Где окна ждут, где календарь не тает
Туда, где доброта добрей, чем здесь.
Солнце скрылось, последние лучики прощально бороздили необъятные просторы неба. Где-то хрипло каркнула ворона. Весенние сумерки быстро надвигались на брошенный город. Плавно скользя, занимала свое место полная, вся в темных пятнах, чуть красноватая луна. Кришнаиты затихли, лишь вопли ночного зверья изредка нарушали шелест едва распустившихся клейких листьев. В нежном свете ночного светила закипала совершенно иная жизнь. Мир раскрашивался шорохами и тихим присутствием вездесущей природы.
Я смотрел на плавные длинно-черные тени деревьев исполняющих понятный только им шаманский танец. Мутные стекла покинутых квартир отражали светящиеся точки звезд. Внутри меня было совершенно спокойно и умиротворенно. Абсолютный космос. Чернильная мгла, пронизанная синими ветвями гибких линий окутывала сознание со всех сторон и открывала тайны. Уже не слыша и не видя ничего, я почувствовал, что рядом со мной кто-то есть. Открыть глаза мне так и не удалось.
Тихий чувственный голос разговаривал со мной, точнее сказать, с частью меня. Шепот, несущий смысл плавно переливался из своего источника в мое содержимое. Рационального объяснения приходящему из вне откровению я не находил, но и что это за откровение понять так же не мог. Да и задаваться вопросами теперь не было никакого желания.
Утренний холод снова разбудил меня. Отсыревшая пачка сигарет раскисла и потеряв форму стала похожа на сидящую в засаде сине-белое земноводное. Пришлось выбросить и достать из кармана целую, нераспечатанную пачку. Заслышав звук легких шагов я обернулся.
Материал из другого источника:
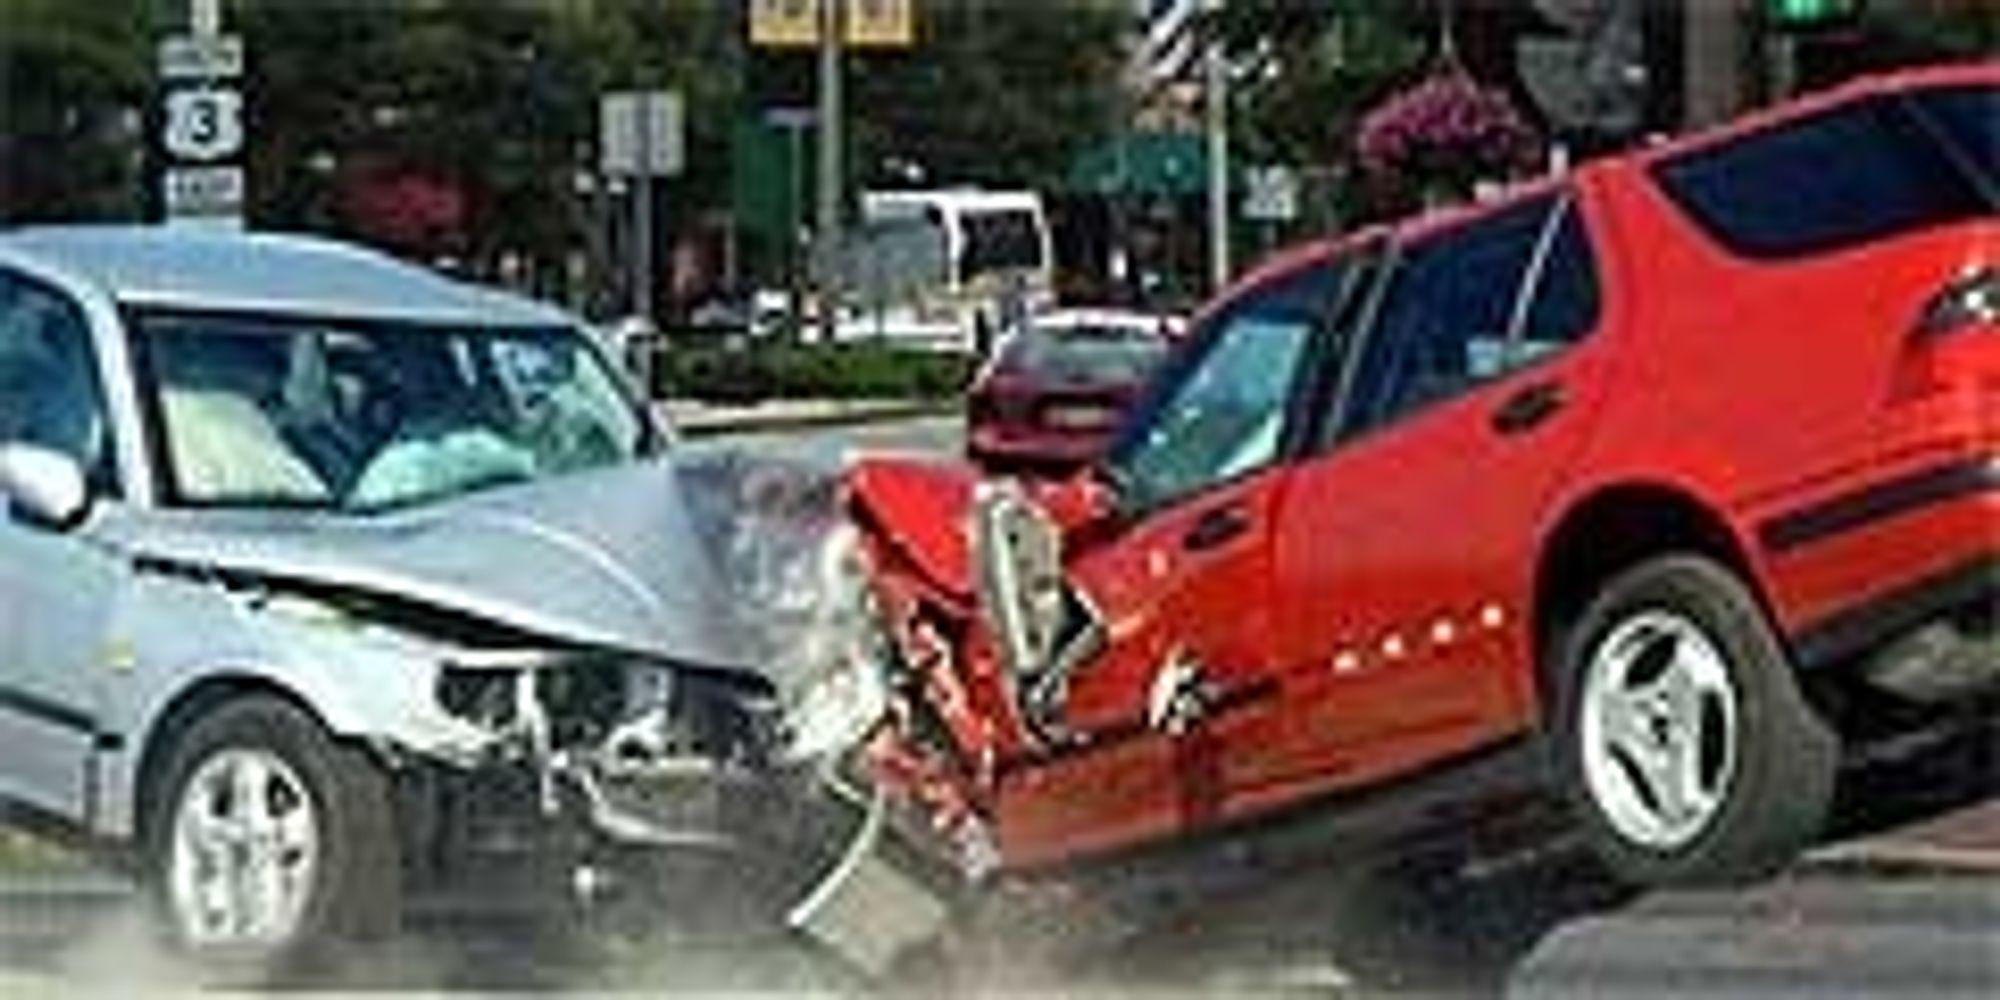 NY RAPPORT: TØI er nettopp ferdig med en forskningsrapport om hvordan organisatoriske programmer kan forebygge tretthet blant sjåfører for å unngå ulykker.

Ярким оранжевым пятном ко мне приближалась Субхадра.
- Сиди! - сказала она усаживаясь на циновку рядом и хитро улыбнувшись добавила - Ты ходил! Во сне!
- Выходит, все было зря! - пришлось невольно ужаснуться.
- Нет, это совершенно не касается нашего дела! Свою часть ты выполнил, и теперь настала пора рассказать тебе о барханах пророческого небытия!
- Я не совсем понимаю о чем вы!
- Все дело в том, что на свете есть множество различных пустынь, но среди них существует одна особенная пустыня, в которой ветер наметает необычные барханы! Они состоят из тончайшей голубой пыли! Эта пыль одновременно легка, что можно унести с собою целый бархан и тяжела настолько, что невозможно поднять мельчайшую крупинку! - Субхадра замолчала и вдруг попросила - Дай мне сигарету!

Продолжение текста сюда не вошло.